US embassy in Baghdad: Illegal workers from Andhra Pradesh labour it out to build world's largest US Embassy

August 3, 2007
By Syed Akbar
Hyderabad, Aug 2: Scores of illegal workers from Andhra Pradesh are racing against time in Baghdad to complete what is being projected as the world's largest and most expensive US embassy in the world.
The US plans to open its diplomatic enclave in Baghdad, Iraq, by September and the task of meeting the deadline lies on the shoulders of workers from Karimnagar, Adilabad and Nizamabad districts. Illegal workers from Andhra Pradesh constitute a large labour force engaged in the construction of the new US embassy on a 42-hectare compound on the banks of the river Tigris. The US and Iraqi authorities have also employed workers from the Philippines and Bangladesh.

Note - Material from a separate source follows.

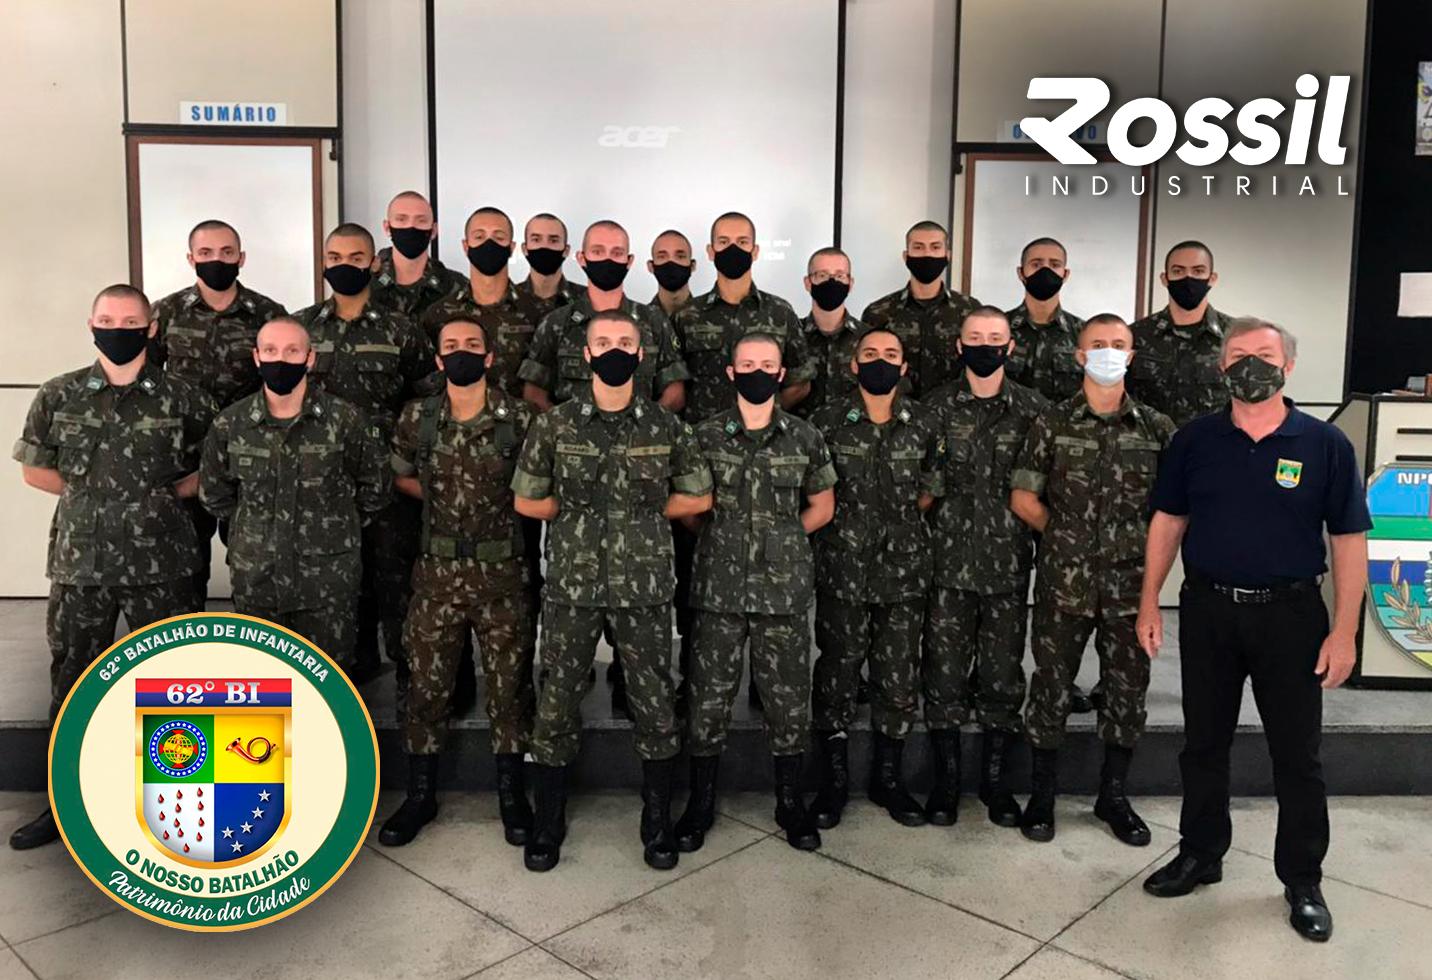 Diretor da Rossil participa do Ciclo de Palestras do 62° Batalhão de Infantaria

According to unofficial estimates, around 40,000 workers from Jagtyal and Sircilla in Karimnagar, Armoor in Nizamabad and Nirmal in Adilabad districts are employed by American and Iraqi forces in Iraq. Many of them are illegal and have made their entry into Iraq without the Iraqi visas. They are mainly engaged to work in military bunkers supplying food and taking care of the petty needs of the military forces. About a hundred are said to be working on the new US embassy site, about the size of the Vatican. The US is spending 592 million US dollars on the project.
The State government's NRI cell does not have a record on the AP workers in Iraq since 90 per cent of those employed there are illegal. The Andhra workers are picked up from Kuwait and UAE. Poor and unskilled workers from these backward districts of Telangana visit the Gulf countries on a visit or tourist visa and approach the local recruiting agents, who in turn hand them over to the US military officials for employment. Illegal Andhra workers are in great demand in the Arab world as they are considered a cheap labour source.
The Indian government has imposed restrictions on unskilled workers leaving for Iraq and this is the reason why they travel to the Gulf to be picked up by local recruiting agents to leave for Iraq.
"The major trouble we face is the risk of attacks by locals fighting against the presence of the US forces on Iraqi soil. We stay in bunkers but the money they pay us is quite good. In Karimnagar we can never earn so much money," says middle aged Tirupati Reddy of Laxmipur village in Jagtyal mandal. Tirupati Reddy worked in Baghdad for a couple of months.
With UAE, Saudi Arabia and other countries in the Gulf tightening their immigration rules, unskilled labourers from backward Telangana districts are now preferring the strife-torn Iraq for employment. Since the workers are taken by US military aircraft, the visa and immigration rules are relaxed. The workers are free to stay as long as they wish and there's no immigration restriction on their stay. The return is also as smooth as their entry, those who worked in Iraq told this correspondent.
"I returned early as life was really hard for me in the bunker. Many from my village have been working there for the last two years. It is the question of adjusting to the hard life. Once we reached Iraq we were trained in wearing bullet proof jacket and hiding in bunkers," K Mahesh of Kondagutta village in Karimnagar pointed out.
The salary offered to them, however, is relatively high, but workers are often subjected to abuse. While unskilled labour from the State get about Rs 5000 a month on an average in UAE and other Gulf countries, those employed in Iraq are paid between Rs 20,000 and Rs 40,000.
Ramana Reddy from Malial mandal in Karimnagar returned after working at the US embassy site for some time. He said working at the 21-building complex, that will house the new US diplomatic enclave, was quite hard.
"We do not know what happens the next moment in Baghdad. Though we are protected by the US forces, working in Iraq is really difficult. But we risk life for the sake of big money. We get three to six times more pay in Iraq than in Dubai. I was paid 1000 US dollars around Rs 41,000 a month," he said.